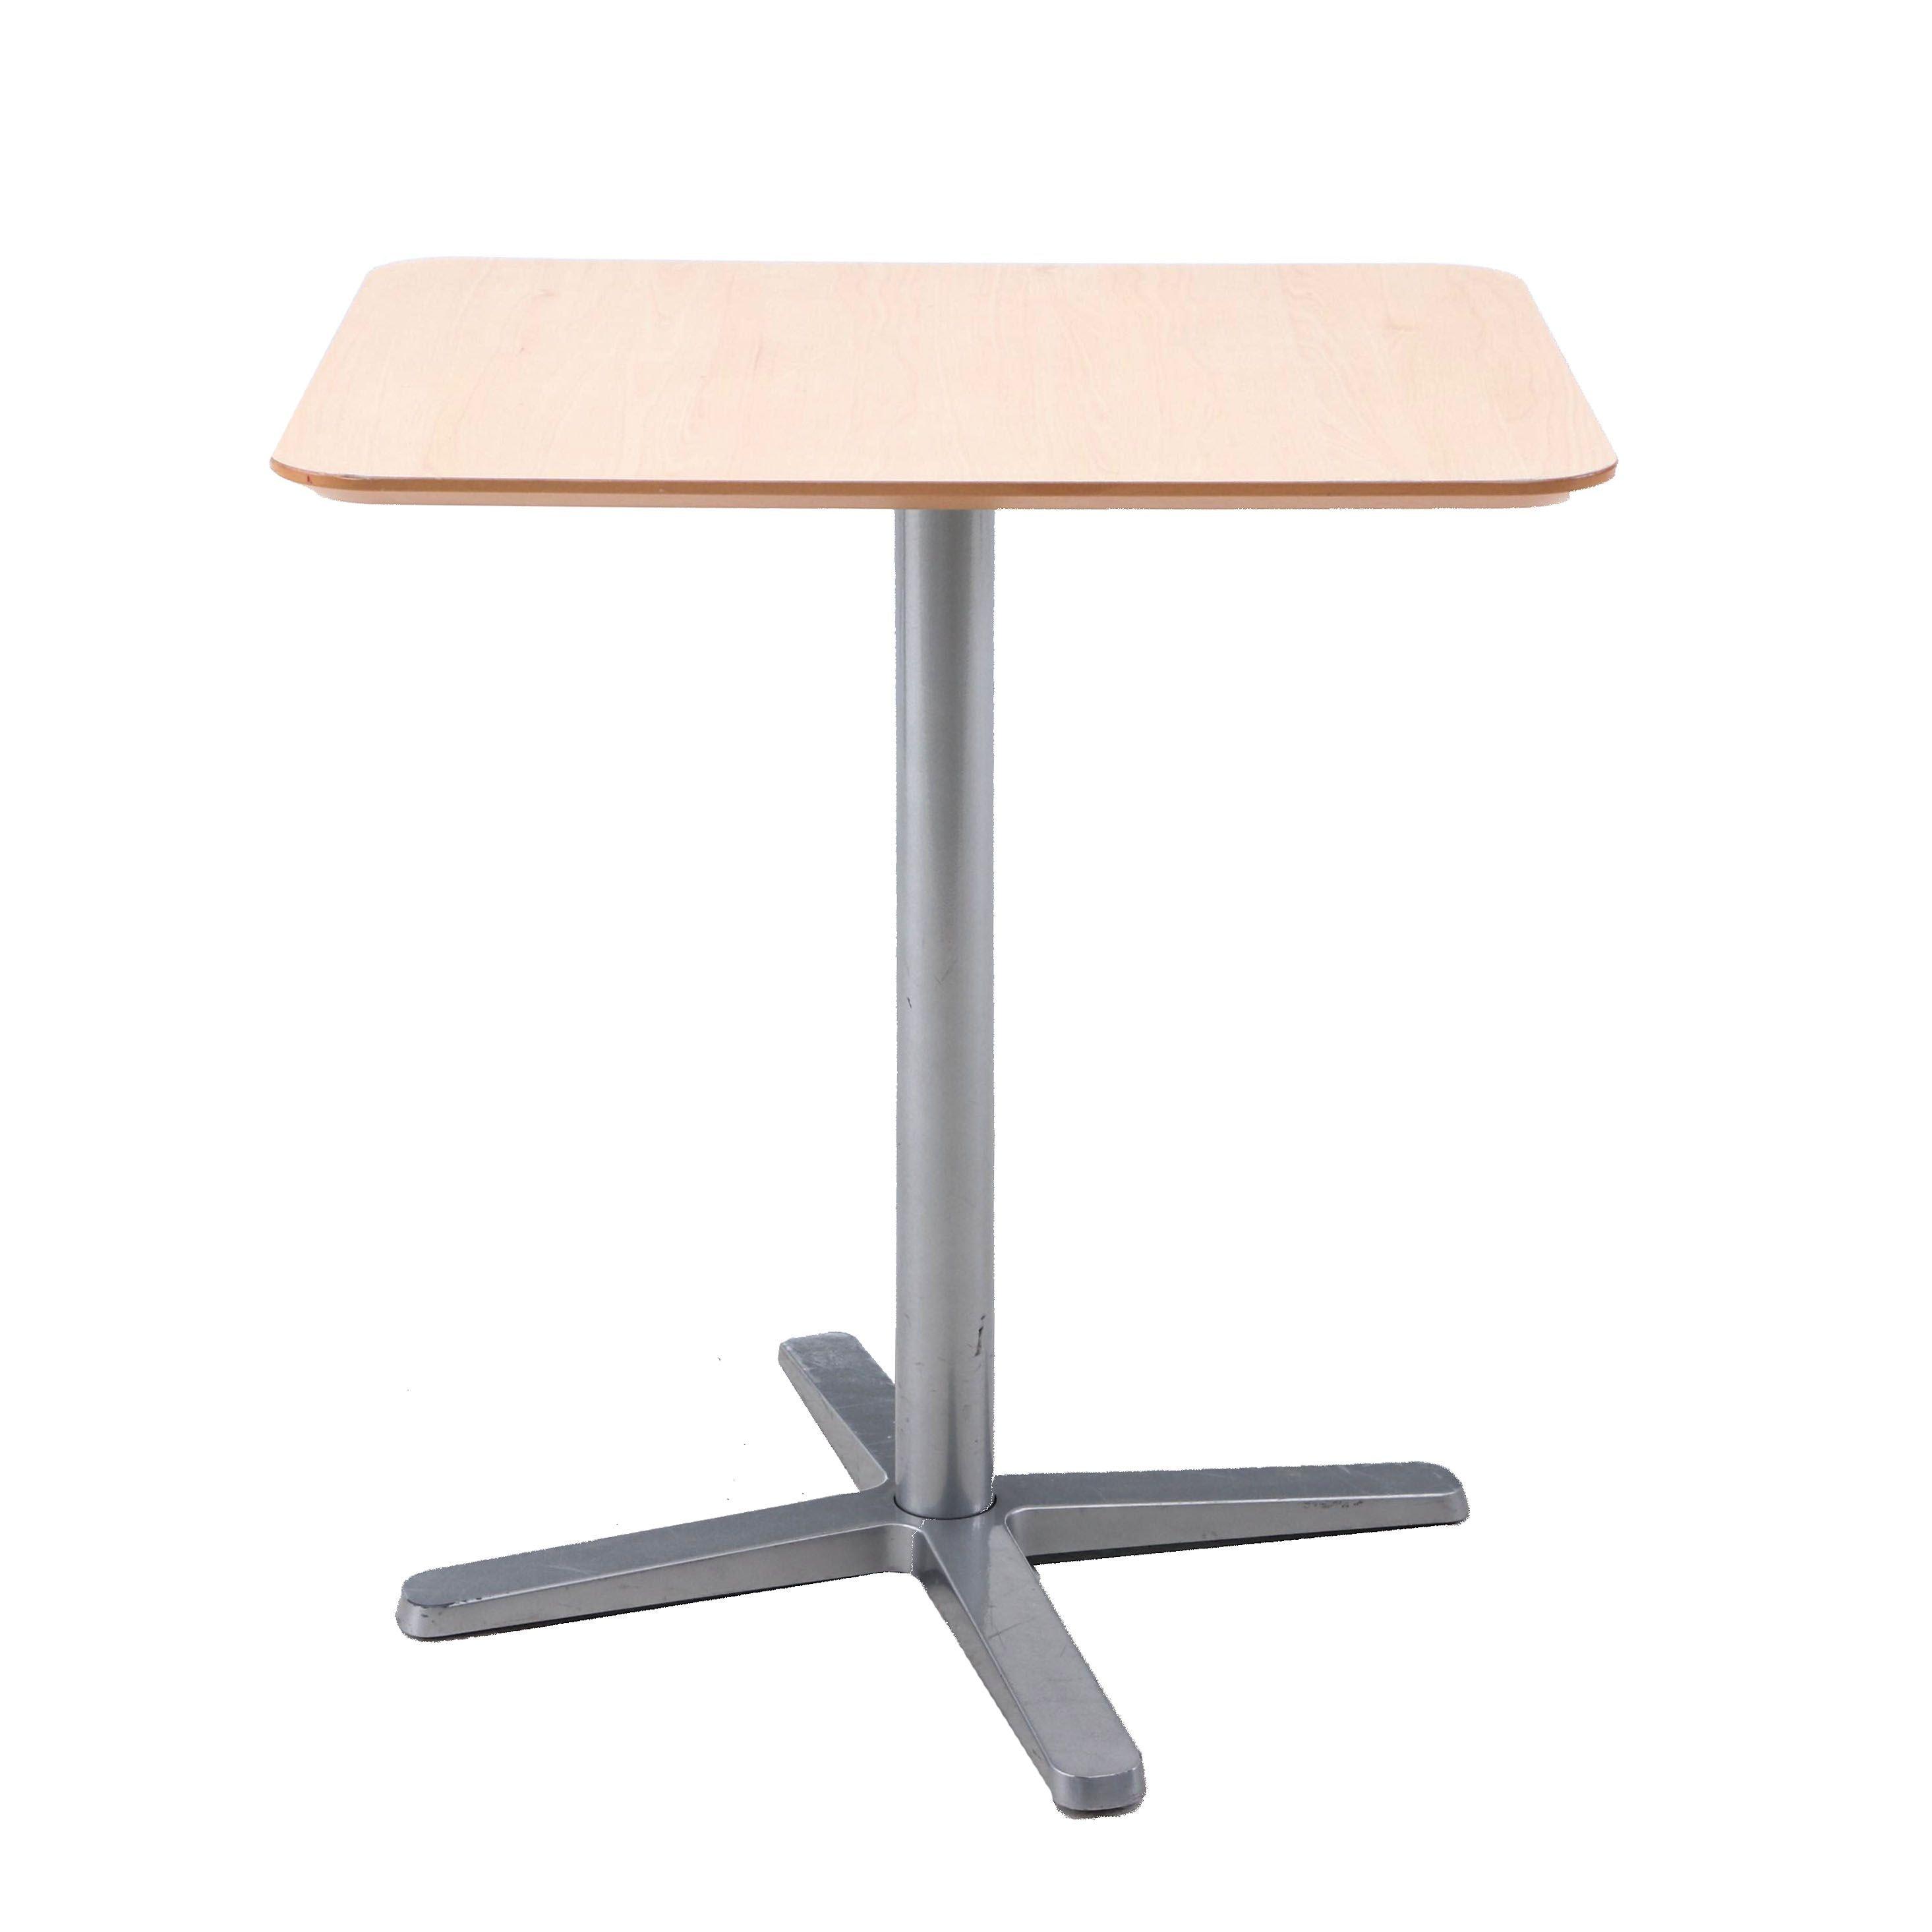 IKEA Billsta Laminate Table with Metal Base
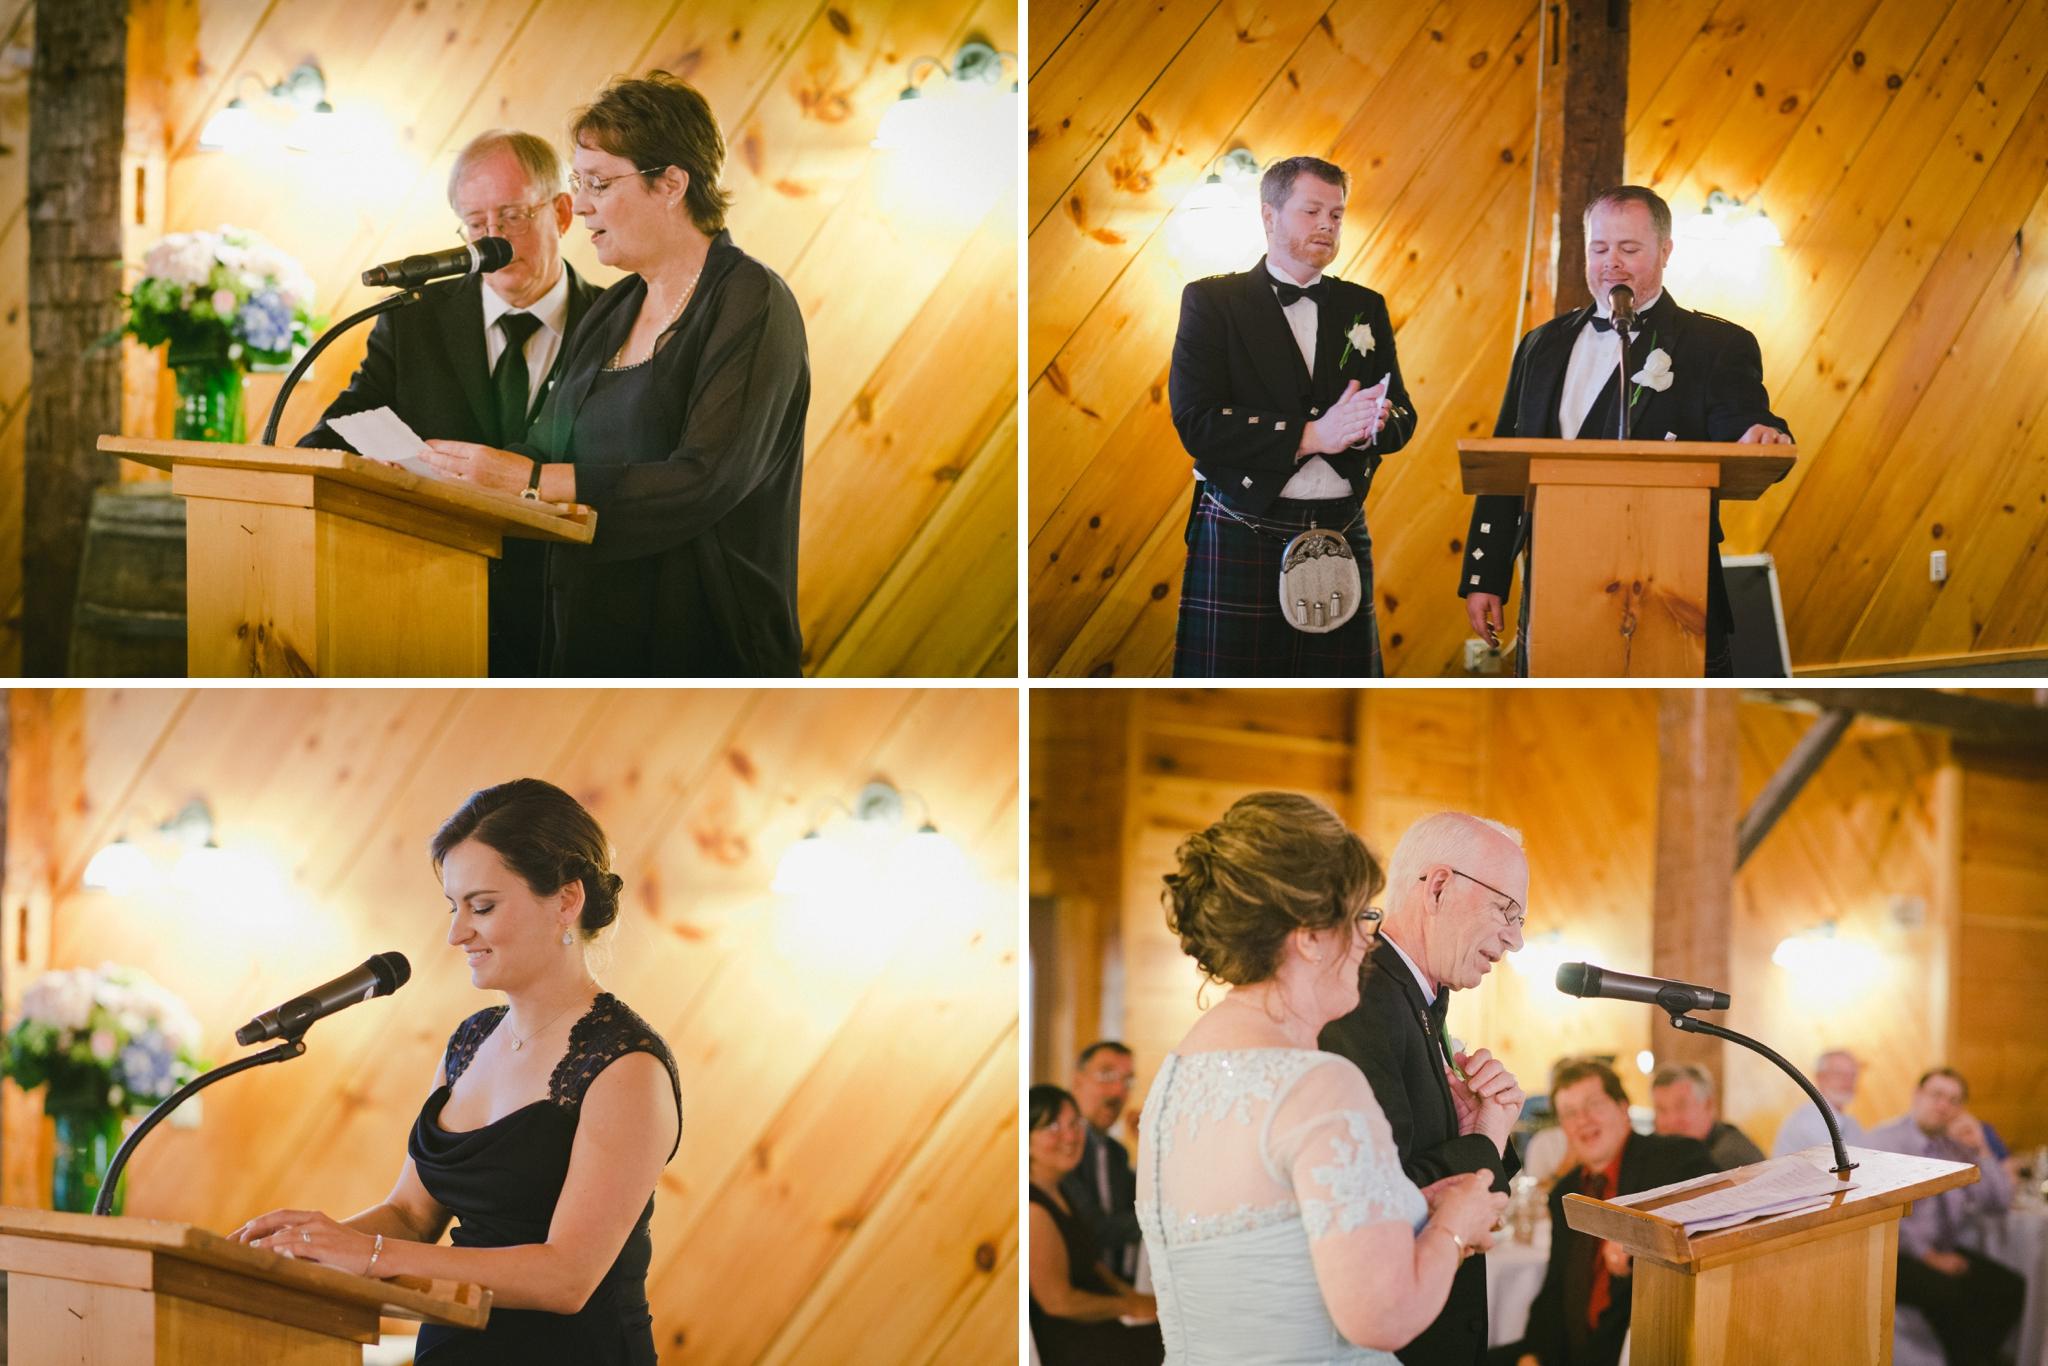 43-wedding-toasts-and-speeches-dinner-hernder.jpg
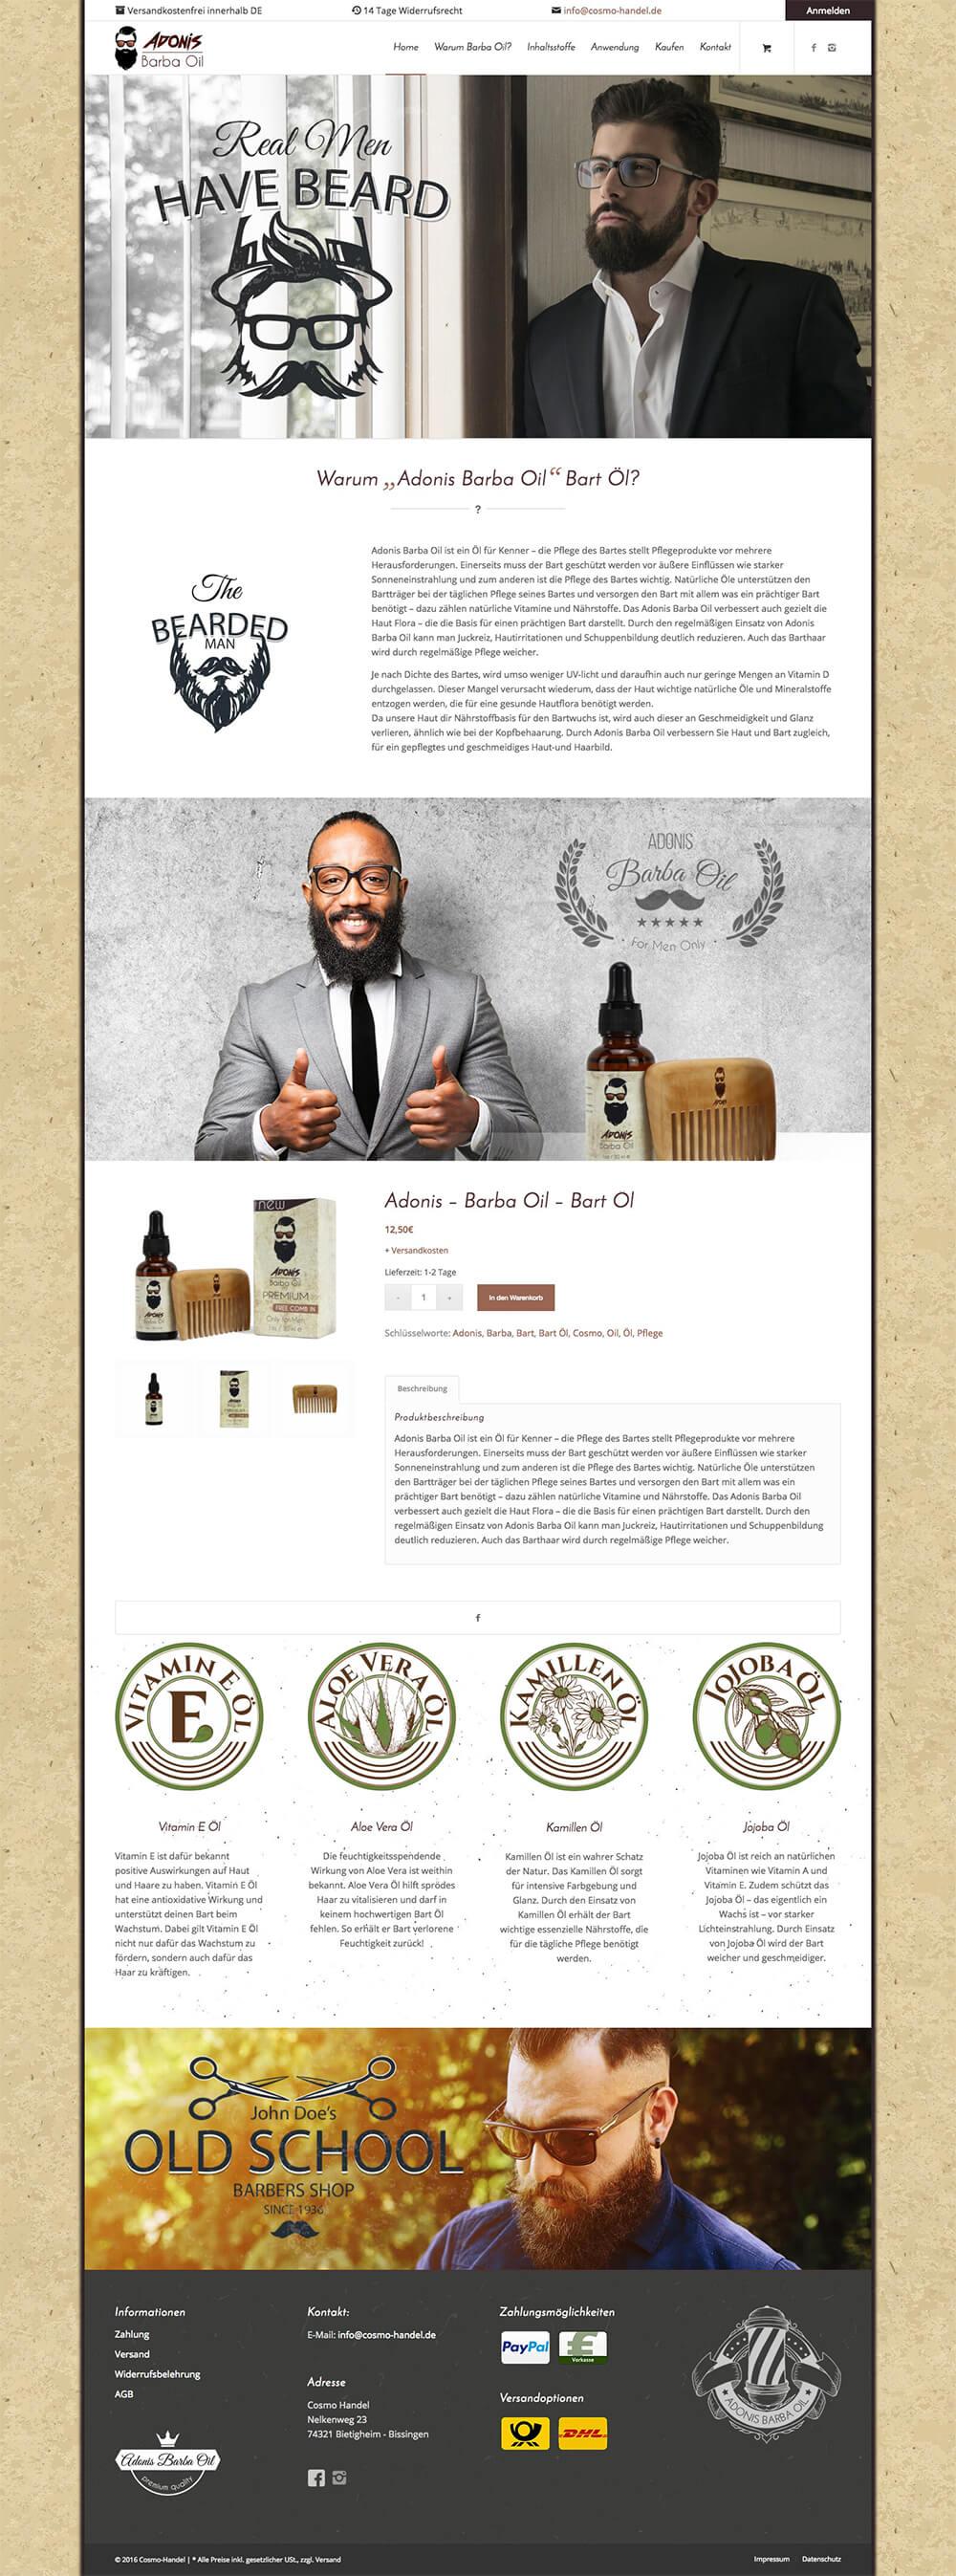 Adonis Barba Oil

Required work: Reproduce the listing word for word, but keep the pictures out of it.

Finished task:
 IKEA Billsta Laminate Table with Metal Base
 43-wedding-toasts-and-speeches-dinner-hernder.jpg
 Adonis Barba Oil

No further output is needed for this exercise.